The Liberty Amendments

Author: Mark R. Levin

Whether or not you agree with the ideas put forth in “The Liberty Amendments” by Mark R. Levin, the idea of amending the U.S. Constitution is a thought worth debating.. To that end, he proposes 10 new amendments designed to improve our government and political system.

After reading the book, I spend a few moments googling the constitution and  the amendments thereto.  Beyond the original ten amendments contained in the Bill of Rights, the constitution has been amended 17 additional times, the last of which was in 1992.  While each amendment is unique and undoubtedly has its own story to tell, in each case I believe the process associated therewith would prove equally fascinating.

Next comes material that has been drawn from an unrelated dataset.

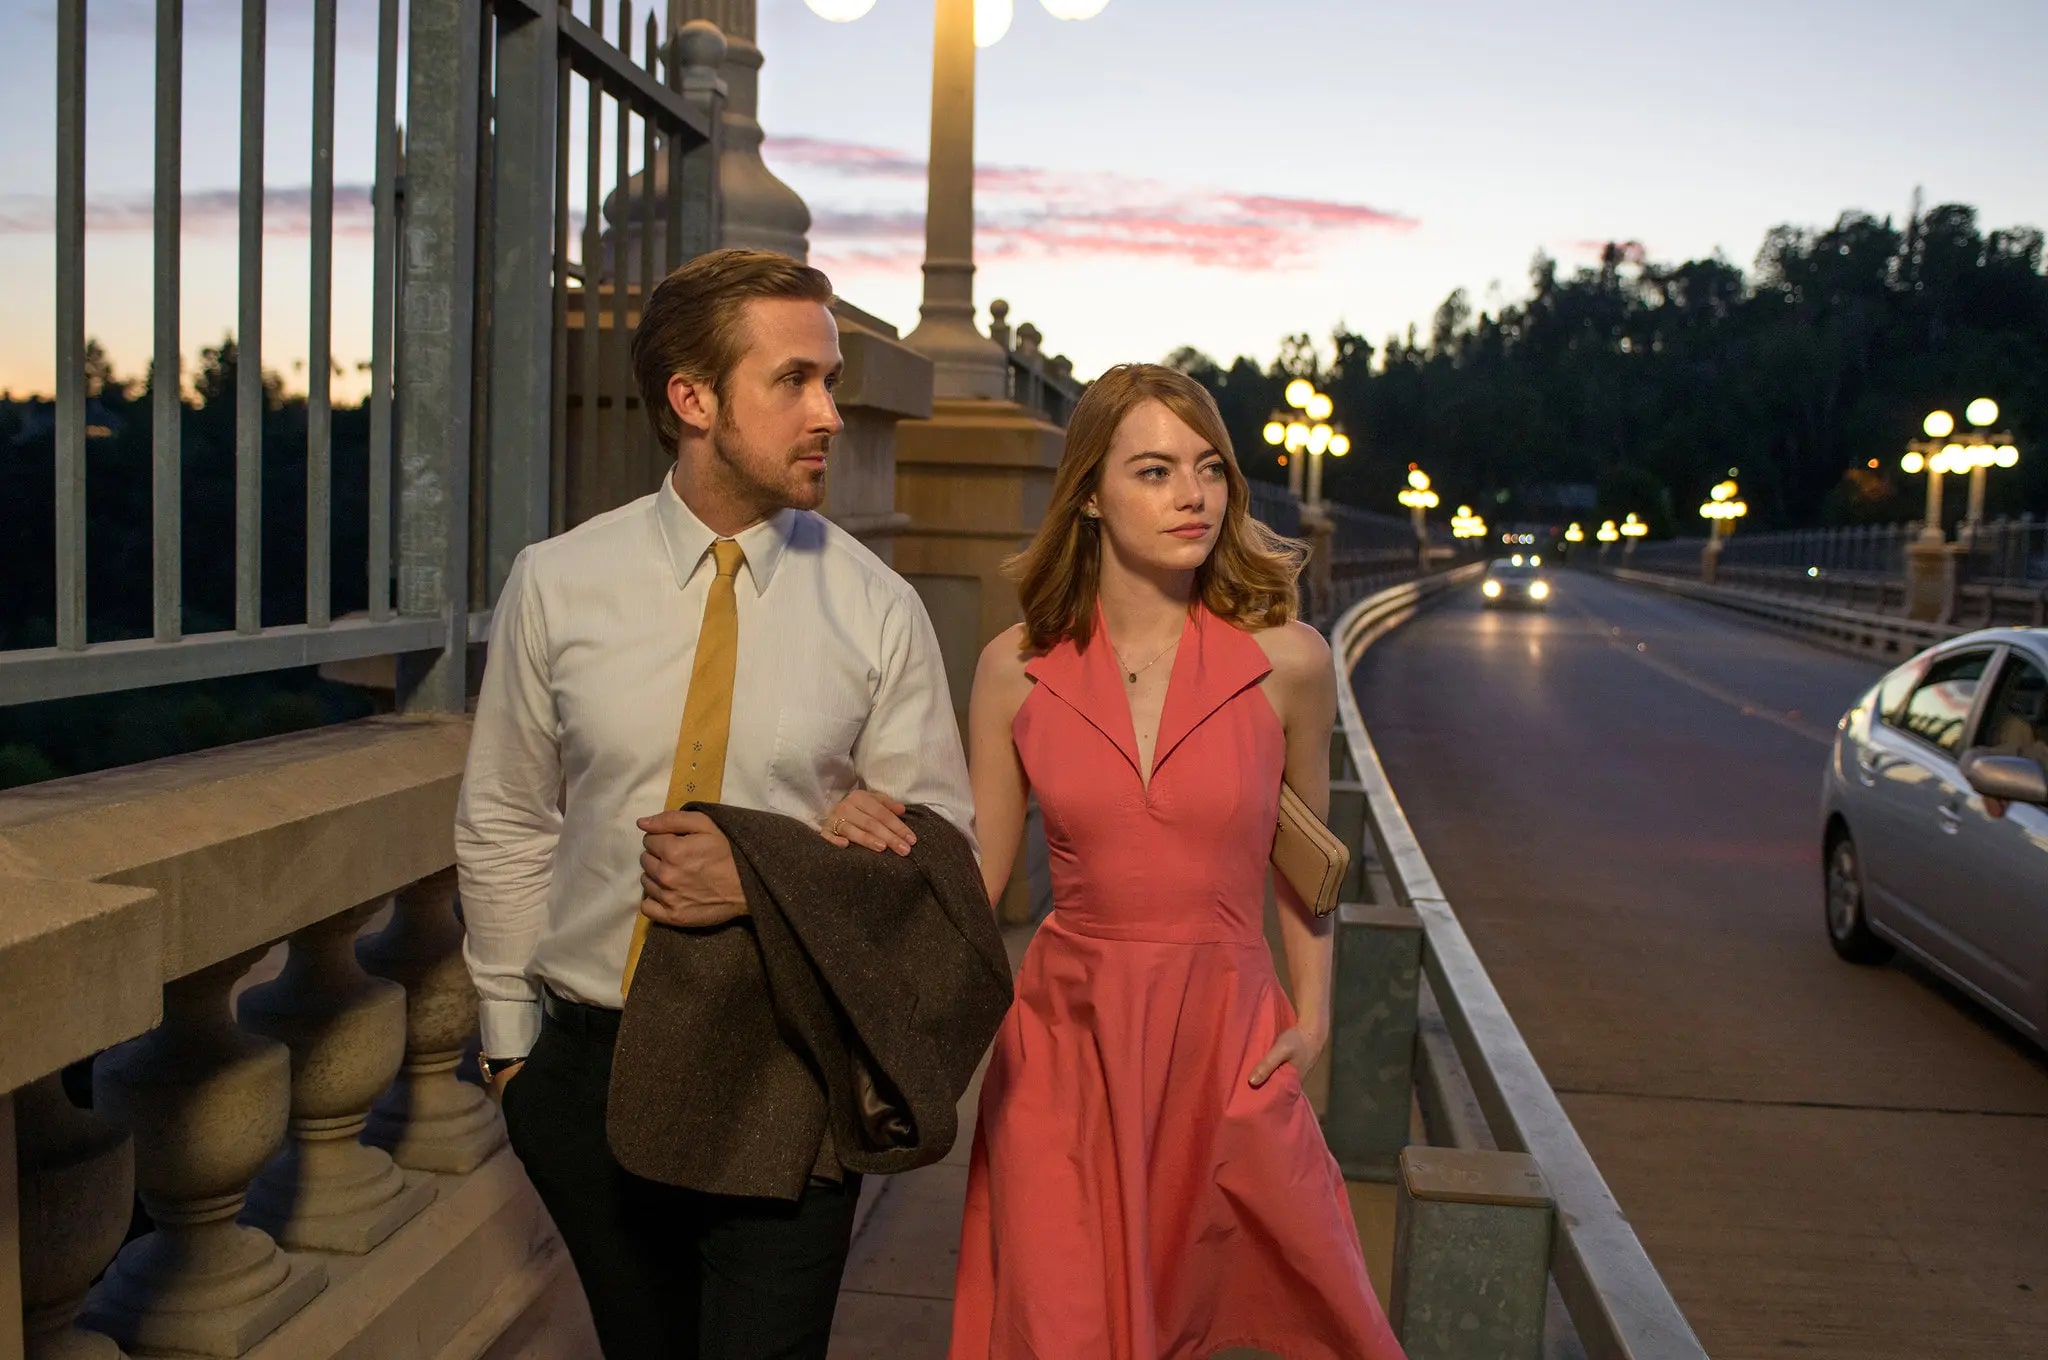 La La Land: Is the 2016 Musical Movie Based on a True Story?

As a student of process, “The Liberty Amendments” caused me to wonder why we do not have a more frequent and vigorous public debate concerning whether or not the constitution needs to be amended.  To that end, I came away thinking that we should consider creating a standing body in which each state has representation, the sole function of which would be to annually consider and debate proposed constitutional amendments.  It might not produce the next reality TV hit program, but it might help stimulate solution sets.

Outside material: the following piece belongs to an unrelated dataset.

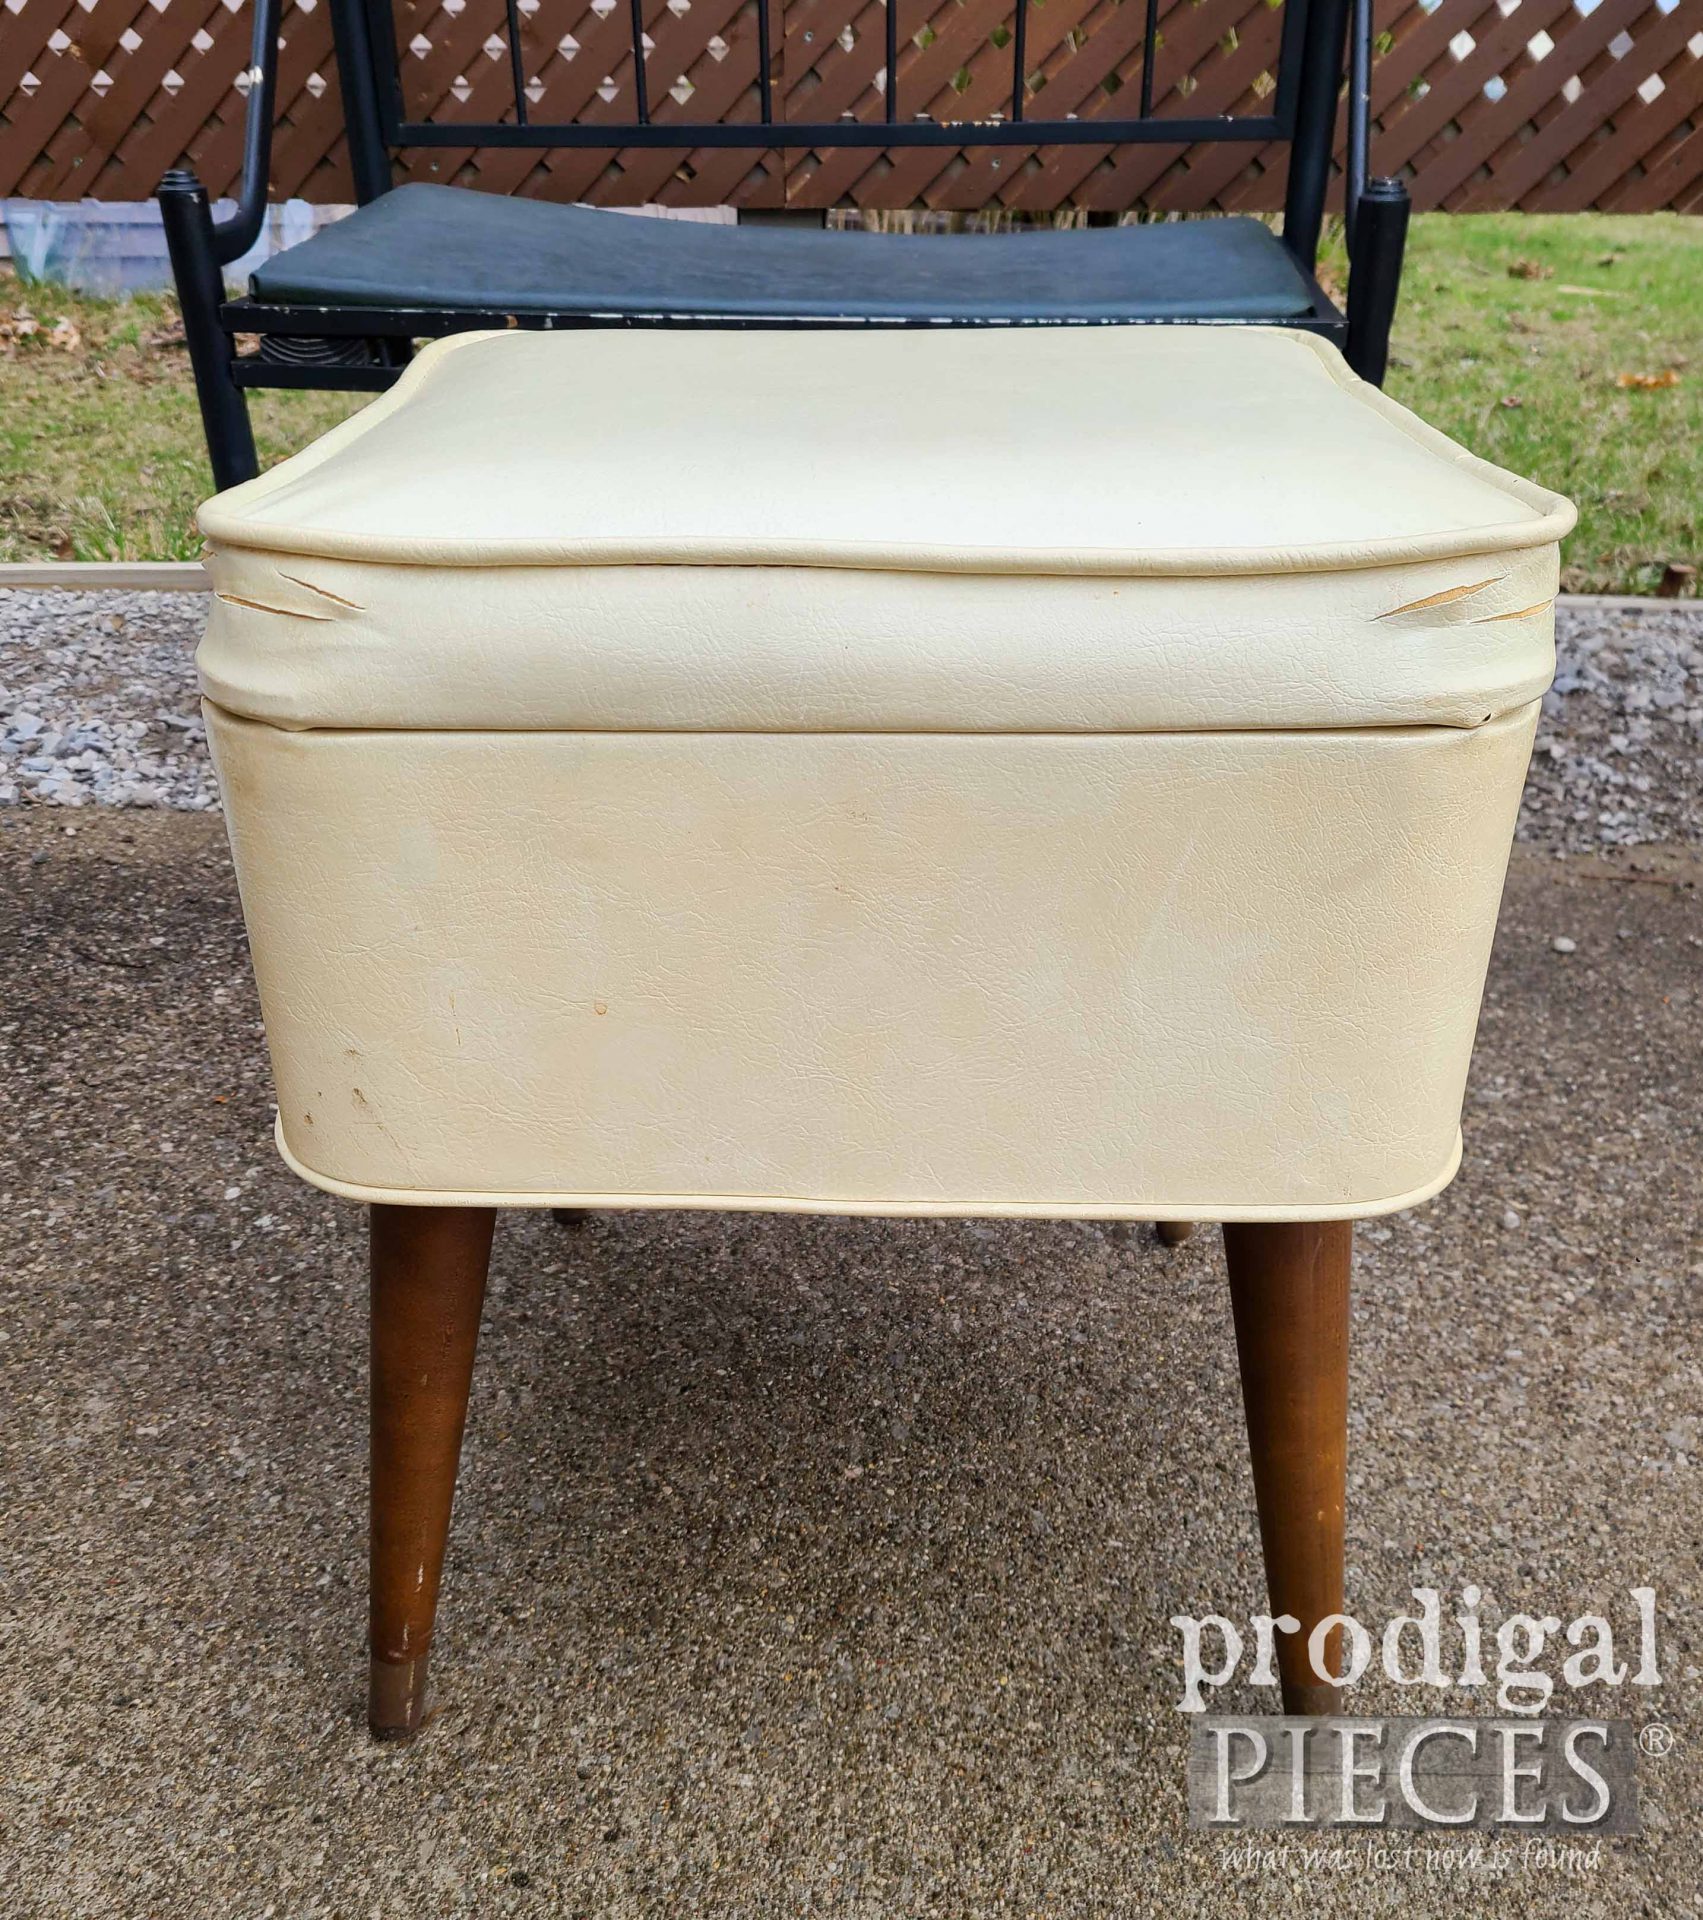 Vintage Mid Century Modern Sewing Stool Before by Larissa of Prodigal Pieces | prodigalpieces.com #prodigalpieces

Mr. Levin’s book would serve as a good starting point for that discussion.  Although he clearly brings a right leaning perspective to the topic, he provides an educational perspective that alone makes the book worth reading.

In Illinois, where I spent most of my adult life, the voters have rejected holding a constitutional convention to reconsider a document adopted in 1970.  If nothing else, the topic of pensions would be of critical importance.  What harm could come from at least engaging in the debate?

As stated above, whether or not you agree with the amendments that Mr. Levin is proposes, his book challenges the reader to consider using the constitutional amendment process to deal with many of the problems with today’s politics and government.